I know that 25 residues is definitely a challenge. We picked this size for two reasons: first, it's in a size range that is nicely compatible with chemical synthesis. Large proteins must be expressed in bacteria or yeast, but with a small enough peptide, we have the option of artificially synthesizing the peptide. This allows for inclusion of nonstandard amino acids and other unnatural modifications that can add new functionality, as well as for large-scale production of fairly pure peptide. Unfortunately, the longer the peptide, the harder it is to synthesize and get good yields and high purity. I wanted to keep the peptide short enough that synthesis is a very feasible option.
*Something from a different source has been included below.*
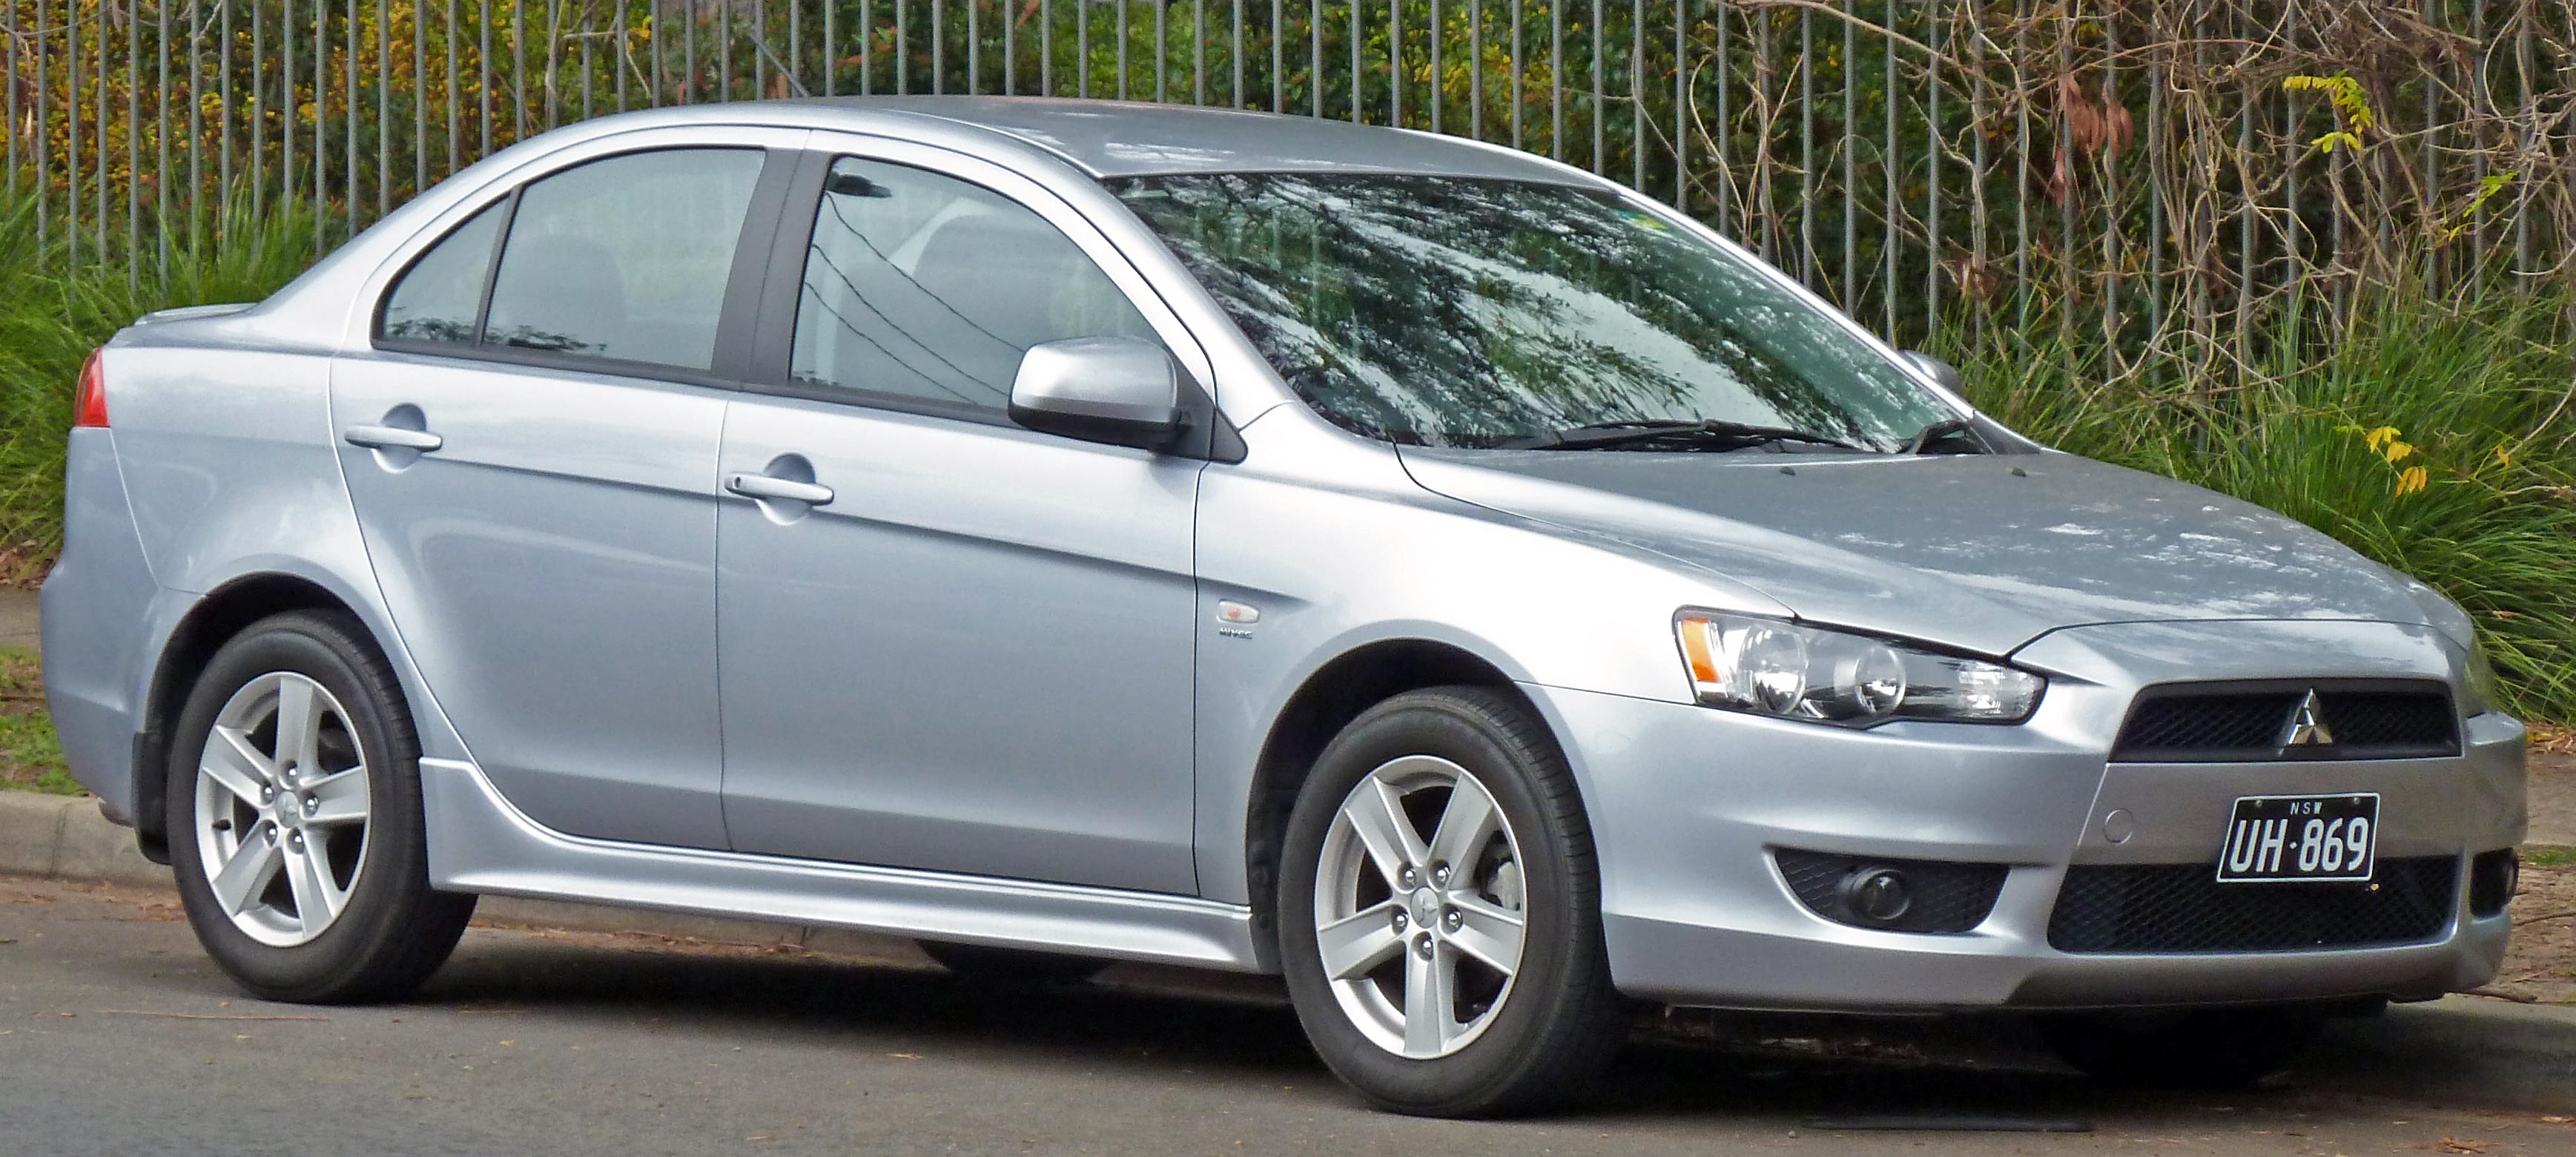 Mitsubishi Lancer - Wikipedia

Second, where large proteins are difficult to get into the body and difficult to get across barriers, a sufficiently small peptide (particularly if compact and ordered) has the potential for oral bioavailability, which makes it easier to use as a drug.

In short, if we keep it small, we might have some of the advantages of both small-molecule drugs (which get into the body easily and are easy to produce in large amounts, but which are usually pretty nonspecific) and proteins (which can have terrific specificity and affinity for a target, meaning a potent desired effect with few side-effects, but which don't get into the body easily). That's the hope, anyways!